Hi, thank you for the interests. Actually our cuda code in this repo is for general 3DGS and not specifically for RT-4DGS, which is slightly different with other 3DGS+deformation field designs (as you mentioned, RT-4DGS has additional time_stamp variable). Due to the policy issue and other submissions, I cannot provide the cuda code specifically for RT-4DGS as in our paper experiments at this time. But it is actually pretty straightforwrard to change the code here to meet RT-4DGS.
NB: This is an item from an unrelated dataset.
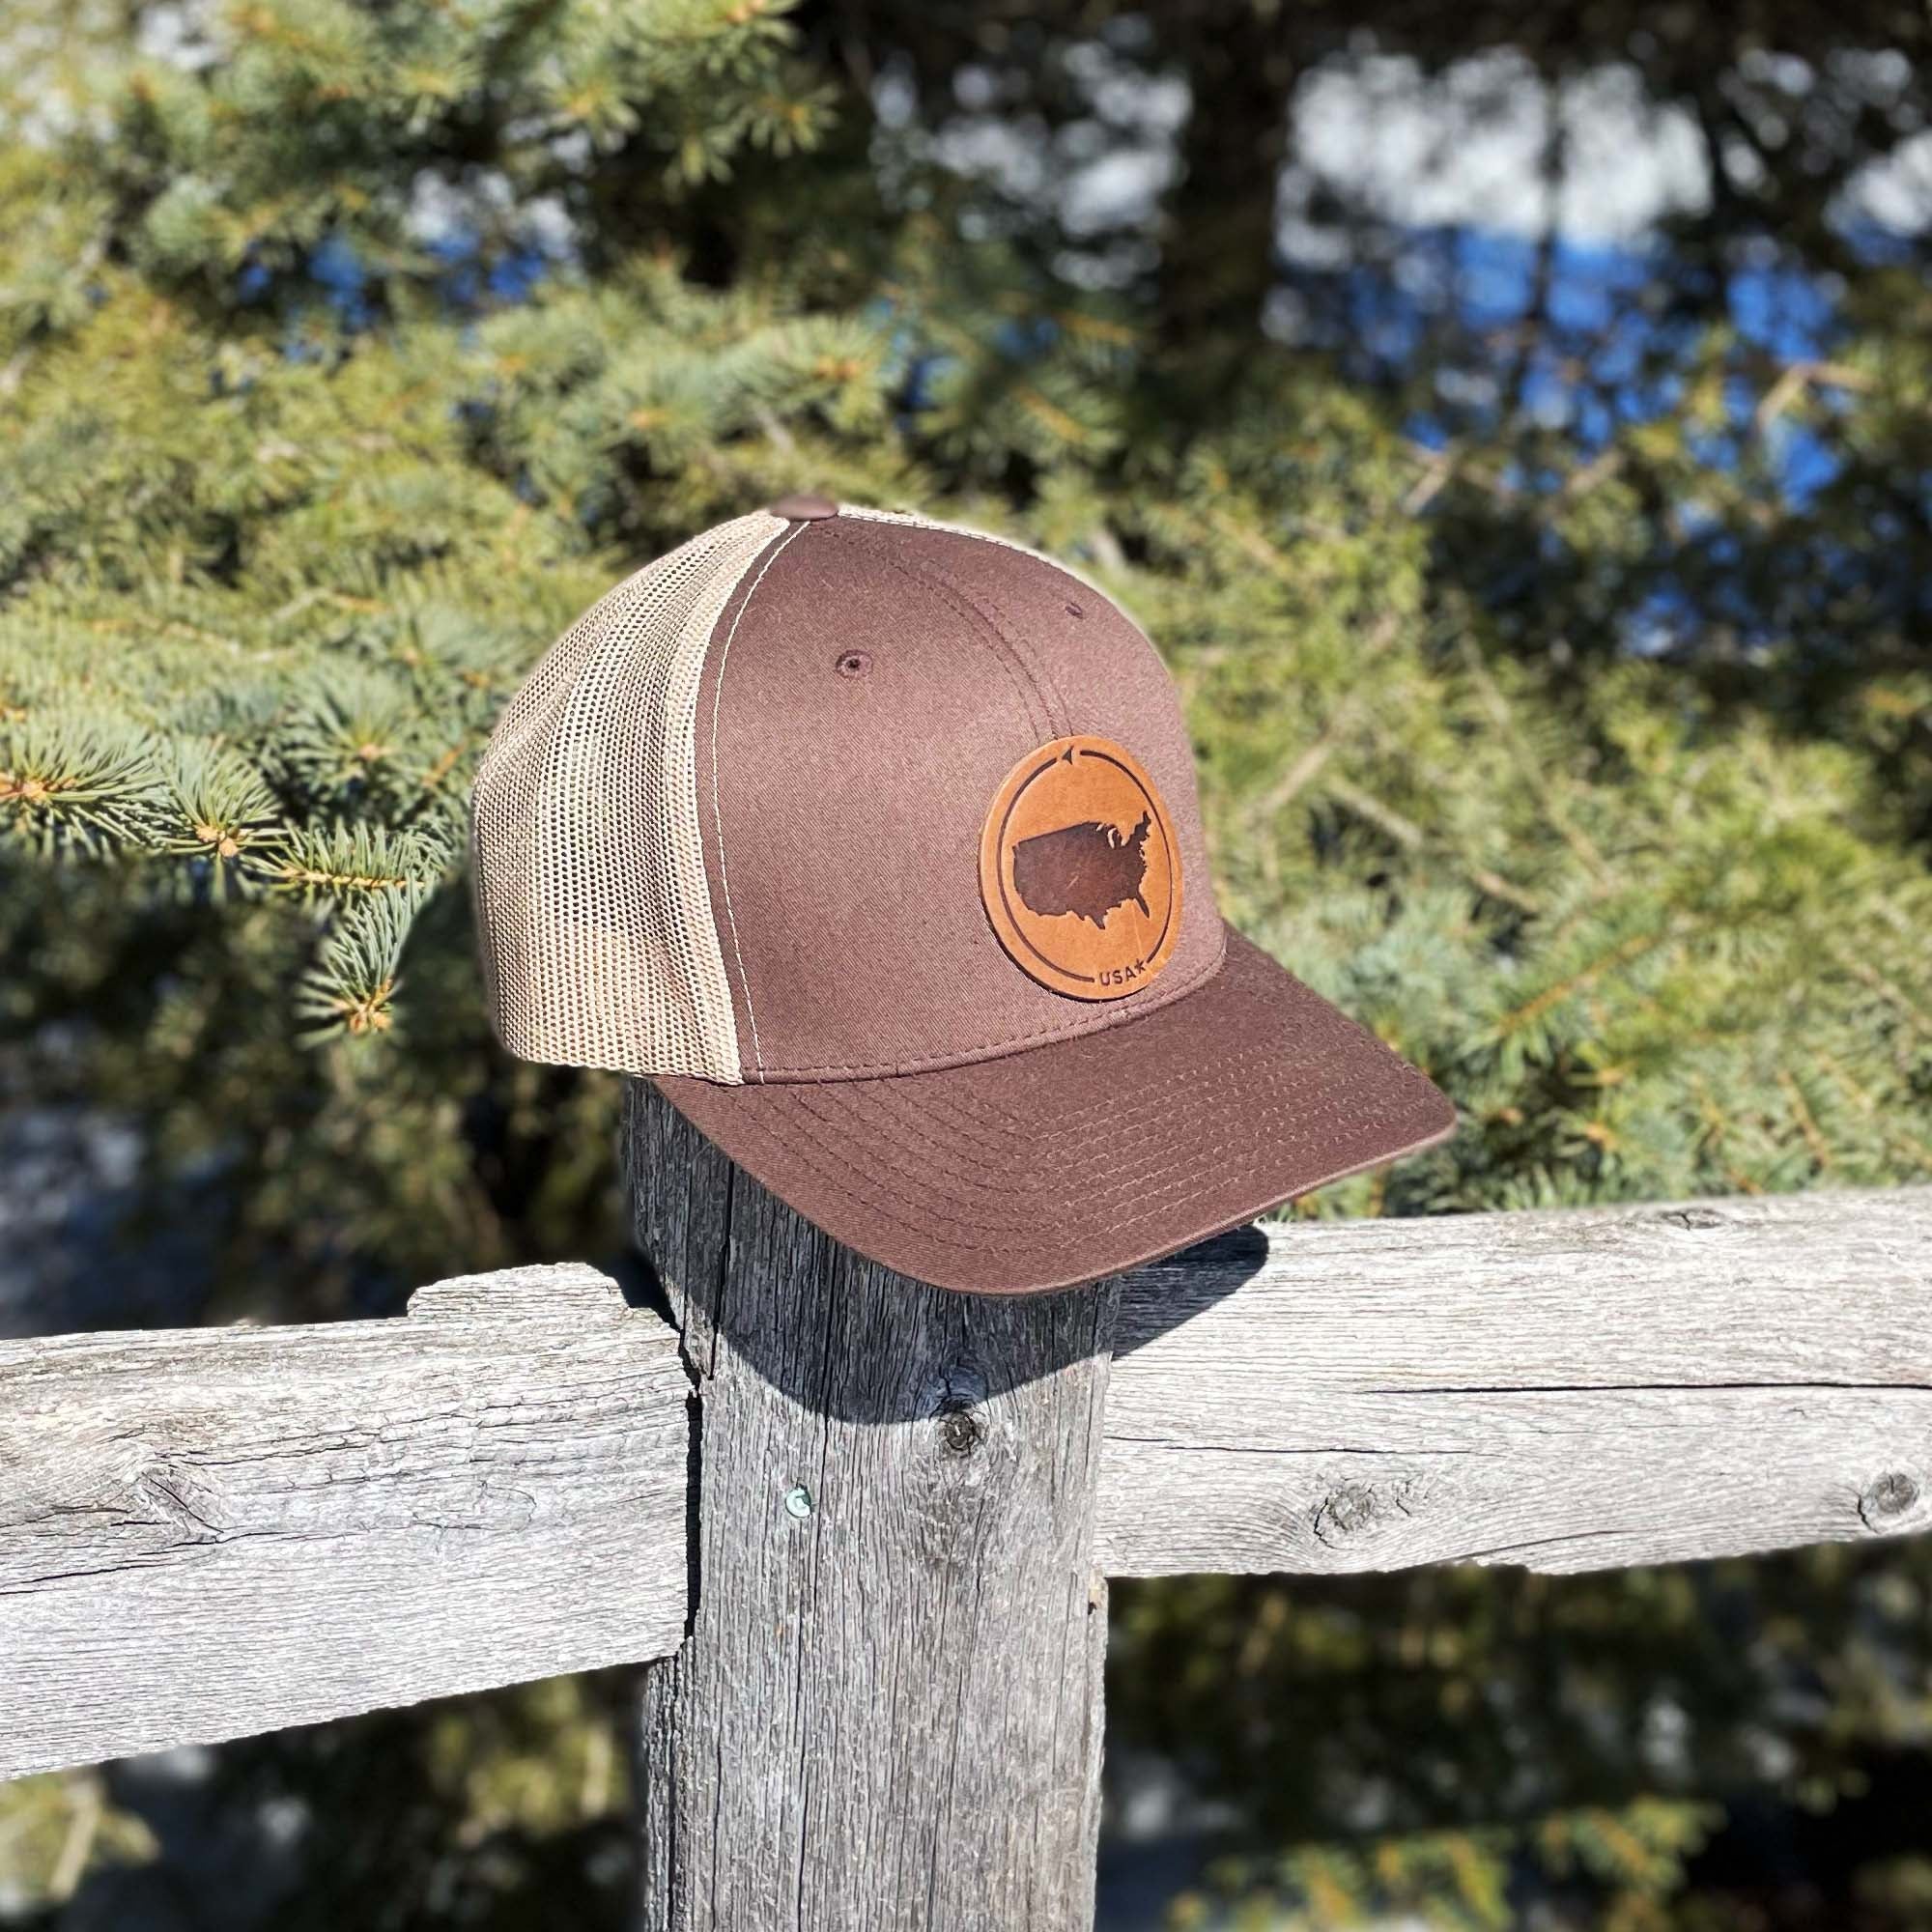 Brown and khaki trucker hat with full-grain leather patch of USA | BLACK-003-001, CHARC-003-001, NAVY-003-001, HGREY-003-001, MOSS-003-001, BROWN-003-001

xi-zc commented 2 weeks ago

Thank you very much for your guidance and suggestions. I have been working on implementing GaussianFlow in RT-4DGS. Currently, the training speed is approximately the same as RT-4DGS, but the PSNR is lower. Additionally, the program consistently encounters an error at iteration=600, with the following error message:

Exception has occurred: RuntimeError       (note: full exception trace is shown but execution is paused at: _run_module_as_main)
CUDA error: an illegal memory access was encountered
File "/home/xzc/anaconda3/envs/4dgs/lib/python3.7/site-packages/torch/autograd/__init__.py", line 199, in backward
allow_unreachable=True, accumulate_grad=True)  # Calls into the C++ engine to run the backward pass
File "/home/xzc/anaconda3/envs/4dgs/lib/python3.7/site-packages/torch/_tensor.py", line 489, in backward
self, gradient, retain_graph, create_graph, inputs=inputs
File "/home/xzc/code/gsflow/train.py", line 227, in training
loss.backward()
File "/home/xzc/code/gsflow/train.py", line 479, in <module>
args.gaussian_dim, args.time_duration, args.num_pts, args.num_pts_ratio, args.rot_4d, args.force_sh_3d, args.batch_size)
File "/home/xzc/anaconda3/envs/4dgs/lib/python3.7/runpy.py", line 85, in _run_code
exec(code, run_globals)
File "/home/xzc/anaconda3/envs/4dgs/lib/python3.7/runpy.py", line 193, in _run_module_as_main (Current frame)
"__main__", mod_spec)
RuntimeError: CUDA error: an illegal memory access was encountered

Exception has occurred: _LinAlgError       (note: full exception trace is shown but execution is paused at: _run_module_as_main)
cusolver error: CUSOLVER_STATUS_EXECUTION_FAILED, when calling `cusolverDnSgetrf( handle, m, n, dA, ldda, static_cast<float*>(dataPtr.get()), ipiv, info)`. This error may appear if the input matrix contains NaN.
File "/home/xzc/code/gsflow/scene/cameras.py", line 79, in get_rays
c2w = torch.linalg.inv(self.world_view_transform.transpose(0, 1))
File "/home/xzc/code/gsflow/gaussian_renderer/__init__.py", line 179, in render
rays_o, rays_d = viewpoint_camera.get_rays()
File "/home/xzc/code/gsflow/train.py", line 112, in training
render_pkg = render(viewpoint_cam, gaussians, pipe, background)
File "/home/xzc/code/gsflow/train.py", line 479, in <module>
args.gaussian_dim, args.time_duration, args.num_pts, args.num_pts_ratio, args.rot_4d, args.force_sh_3d, args.batch_size)
File "/home/xzc/anaconda3/envs/4dgs/lib/python3.7/runpy.py", line 85, in _run_code
exec(code, run_globals)
File "/home/xzc/anaconda3/envs/4dgs/lib/python3.7/runpy.py", line 193, in _run_module_as_main (Current frame)
"__main__", mod_spec)
torch._C._LinAlgError: cusolver error: CUSOLVER_STATUS_EXECUTION_FAILED, when calling `cusolverDnSgetrf( handle, m, n, dA, ldda, static_cast<float*>(dataPtr.get()), ipiv, info)`. This error may appear if the input matrix contains NaN.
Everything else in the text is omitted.